Die Idee zum Projekt Schlemmergarten kam von Langzeitarbeitslosen: Armutsbetroffene organisieren sich in Gemeinschaftsgärten für den Anbau und die Herstellung gesunder Nahrungsmittel. Die Kontaktstelle für Arbeitslose in Basel bietet seit 2010 Infrastruktur und Begleitung für das Projekt.

Dank der behutsamen Förderung der Selbstorganisation, werden heute drei Gemeinschaftsgärten rege genutzt und vielfältig belebt. Rund 40 Frauen und 20 Männer im Alter von 35 bis 60 Jahren waren und sind aktiv. Dazu kommt ein grosser Kreis Interessierter, Besucher, und beratenden Sympathisantinnen. Die Aktiven sind Erwerbslose oder Armutsbetroffene, die Sozialhilfe oder IV beziehen, aber zum Teil auch gar keine Unterstützung erhalten, darunter einige psychisch beeinträchtigte Menschen. Etwa die Hälfte hat einen Migrationshintergrund. Im Garten entstehen nicht nur gesunde Lebensmittel, die sich die Aktiven sonst nicht leisten könnten. Der Garten ermöglicht den Beteiligten, oft seit Jahren marginalisierten Personen, ihre Kompetenzen einzubringen und sich als Teil einer Gemeinschaft zu erleben. Er ist so zugleich ein vielfältiger Lernort für soziale und fachliche Kompetenzen als auch ein Ort der Gesundung und Erholung.
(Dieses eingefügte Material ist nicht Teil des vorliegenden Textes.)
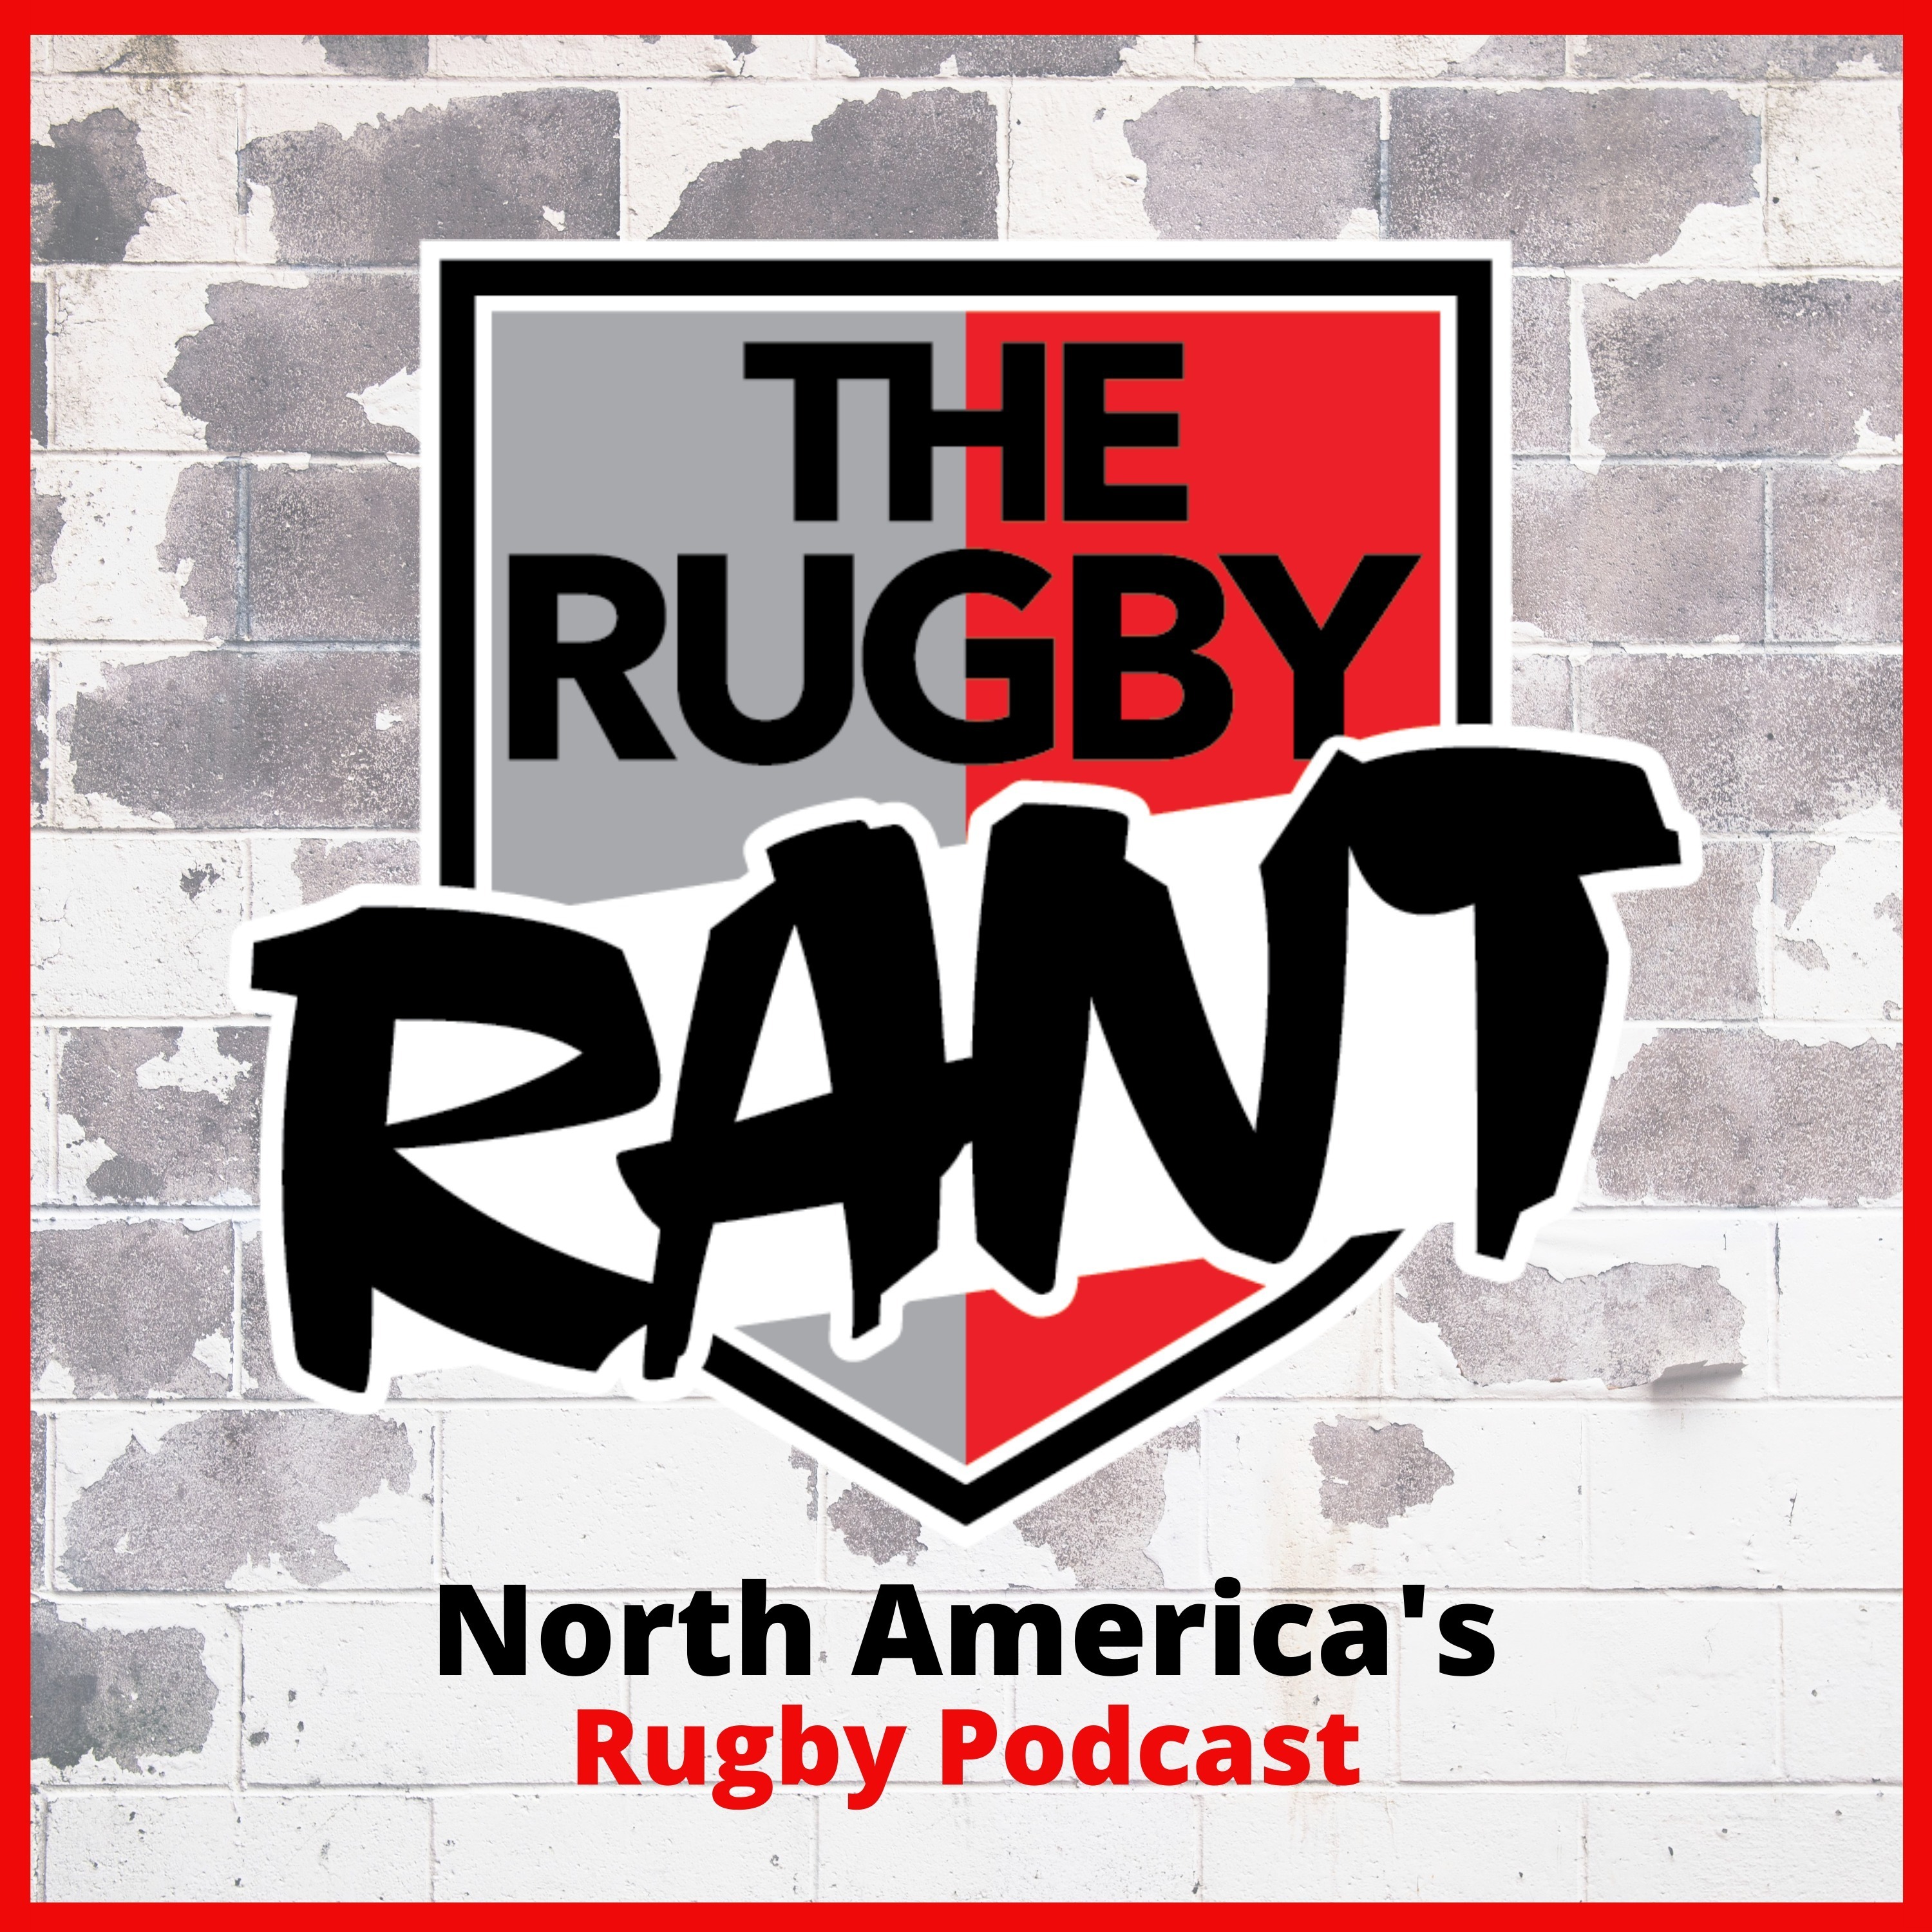 The Rugby Rant - Run, Pass or Kick with Ronald Bukusi

Die Gemeinschaftsgärten des „Schlemmergarten“ stehen für die kommenden Jahre vor der Herausforderung, für das Projekt eine nachhaltige Finanzierung zu finden.

Durch die Unterstützung der arcas wird die Stelle für die fachliche und psychosoziale Begleitung sowie für die Entwicklungsarbeit während 3 Jahren gesichert.